Don’t forget about spindle horsepower and torque. This can be a limiting factor with larger bits and heavy torque. We have no trouble at all bogging down our 2HP Porter Cable router, even with 1/4" bits in wood.

Generally speaking, lighter faster cuts seem to be preferred over slower heavier cuts.

Here’s what we learned this year for feeds, speeds, depth of cut, bits, and cooling-

On our CNC router (4x8 foot shopbot with 18k rpm spindle), we used this .250 onsrud aluminum bit. We went full DoC on our .125 aluminum, at 90 ipm with the spindle at 13,000 rpm. We sprayed some coolant (Mobilcut 102), and had compressed air too.

On our CNC mill, we mainly were cutting .250 and .500 aluminum plate, so we used a .250 diameter three flute endmill for aluminum. We also used it on steel once, and it didn’t break. I believe we got the one with the TiCN coating.

With a .100 depth of cut, and the spindle at 5100 rpm, we went between 12 and 16 ipm. Our finish pass (.015 wide) was at full depth at 8 ipm. It is important to feed very slowly if you’re going straight into the part. If there’s enough room, do a helical plunge. We use flood coolant, which does an awesome job of clearing chips out of the way.

A few tips for accuracy- your hole diameters will only be as accurate as your endmill diameter is. We use a bunch of reground endmills, and precisely measuring their diameter is really critical.
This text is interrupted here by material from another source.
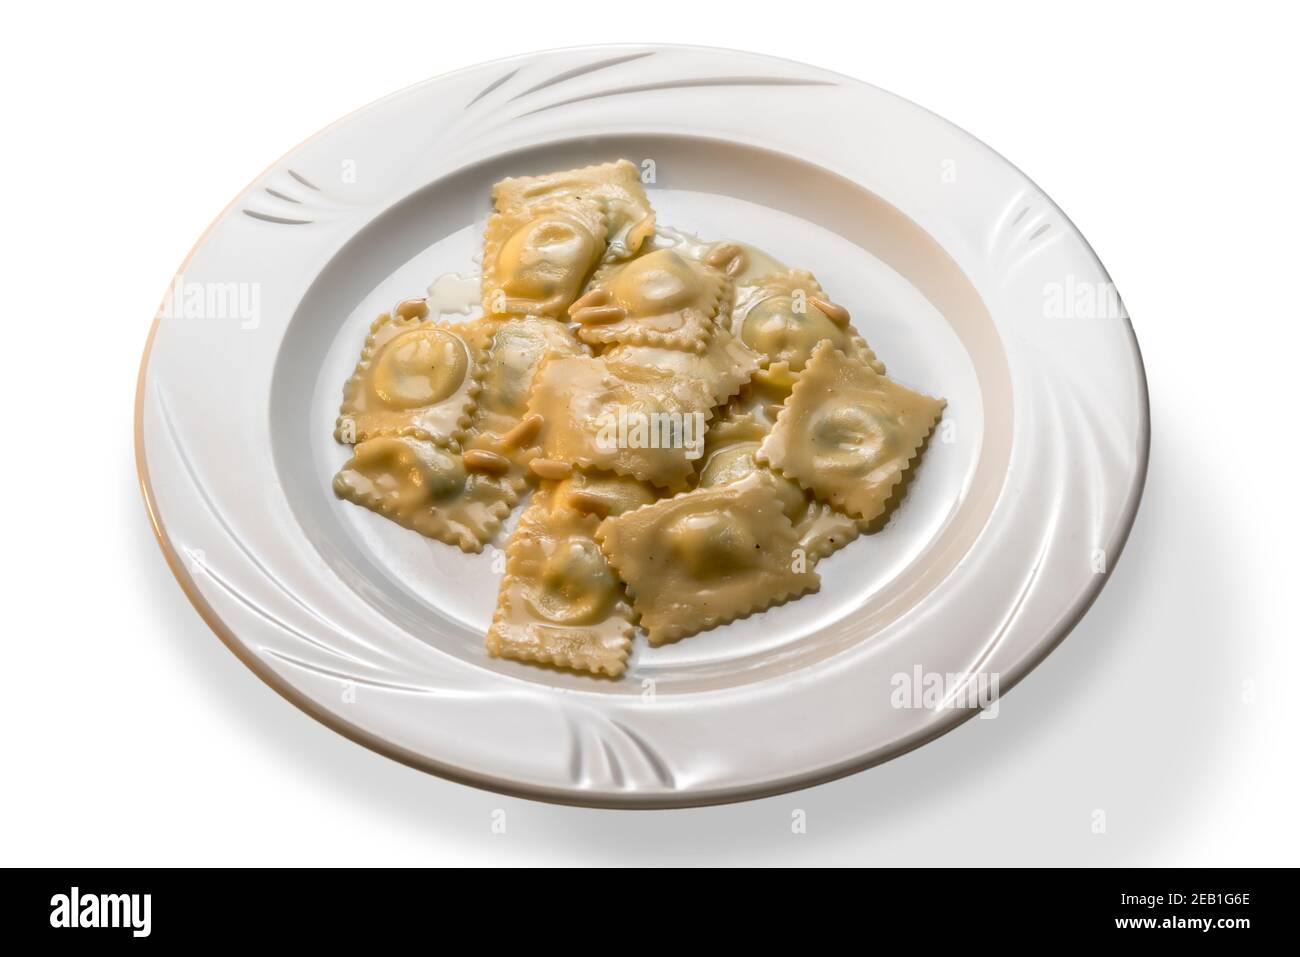 Ravioli - Italian stuffed egg pasta topped with pine nuts and butter sauce in white dish on white background Stock Photo

To measure bits with three flutes, you can make a little slotted hole with the bit, then measure that. Doing a slow .015 wide finish pass at full depth going nice and slow leaves a great finish, and a super accurate diameter. Our accuracy for making 1.125" holes with our .250 bit is within 3 ten thousandths.

Using good tool holders is really important too. We used a drill chuck for our edge finding bit, so our indicated edge locations were only as accurate as the drill chuck, which I measured to have about .006 runout. This end up causing a very misaligned shaft.

Absolutely, as well as bit stick-out (how far form the collet the bit extends). Reducing stickout from 1" to 3/4" can double your depth of cut.

GWizard also calculates the Horsepower & Torque requirements; in practice these generally come close to the limits only with fast, deep cuts in harder materials. In theory I could cut 1" thick aluminum with a 1/4" bit at 60 IPM…if I had 4 or 5 HP to play with. The reality is that I’ll keep all DoCs to the diameter of the cutter or less.

To Jared’s point: Mills don’t like to plunge (like a drill): enter the workpiece with a ramp or helix. Flood coolant is awesome, but only if you have a way of managing copious quantities of liquid.

Oh, and my 1/4" cutter for wood measures 0.243" OD; easily compensated in software, but only if you know the real measurement.